The Baltimore Consort, acoustic specialists in early Renaissance music since 1980, presented a Holiday Concert entitled “Wassail, Wassail” last Friday night at All Saints Chapel at Trinity-Pawling School as part of The Pawling Concert Series. They had been there eight years before. Over the years their personnel has changed somewhat over their large discography of over thirty albums. They were without their soprano, yet counter-tenor José Lemos, who has been performing with them since 2004, was there to hit some of the highest notes that I have ever heard a counter-tenor hit.
They opened with “The Lord of the Dance,” set to the Shaker tune “Simple Gifts.” In Sydney Carter’s lyrics the newly born baby declares that He is the new David, dancing to salvation, even unto his death as a blasphemer.
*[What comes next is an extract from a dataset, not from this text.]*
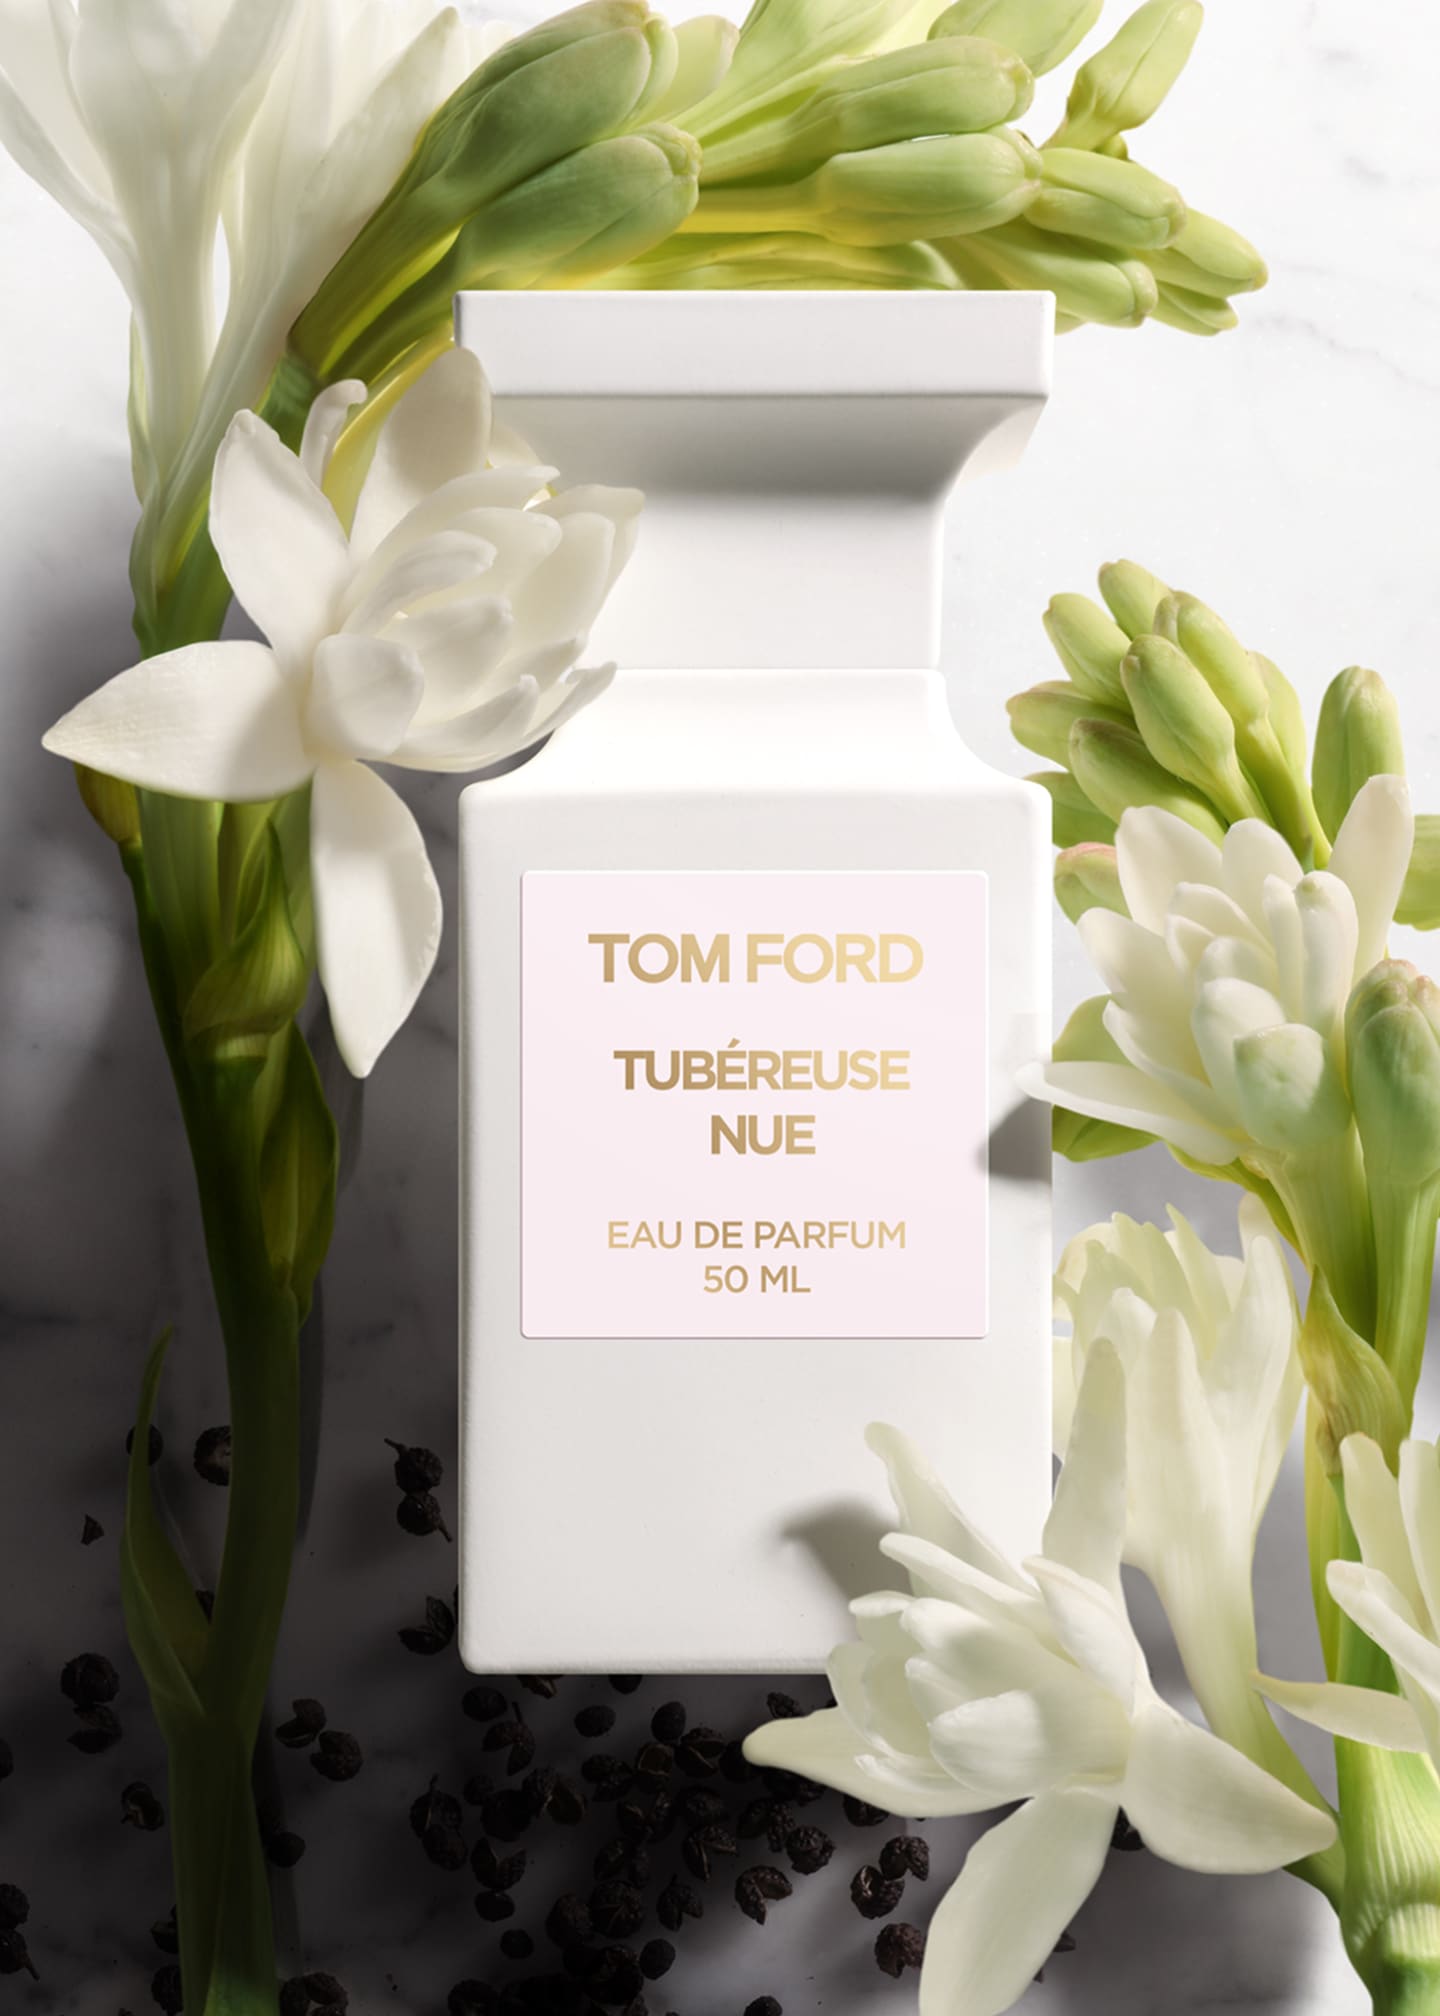 TOM FORD Tubereuse Nue Eau de Parfum Decanter, 8.5 oz.

This neo-Dionysian approach is uplifted by the ecstasy of the tune. Another English dance tune from the early eighteenth, “On the Cold Ground,” jauntily followed.
“Now, Brothers,” by A.A. Milne (author of “Winnie-the-Pooh”), re-worked a late seventeenth French carol. Ralph Vaughan Williams’ arrangement of a late seventeenth century carol, “On Christmas Night,” sang of the new-born King. An Elizabethan lullaby, “Sweet was the Song the Virgin Sung” delivered the charm of innocent care for a newly born baby. Ronn McFarlane delivered an Elizabethan lute solo with period flourish. “Good King Wenceslaus,” an English Christmas carol rooted in an old Finnish tune, ratcheted up the seasonal cheer.
“Here we come A-Wassailling” offered another boisterous night out with inebriated carolers, while “A Wassail, A Wassail throughout this Town!” conjured begging singers with witty lines. This was a song that I took to quite readily and would like to hear again. “What Wondrous Love is This” celebrated the joy of singing the Christian message.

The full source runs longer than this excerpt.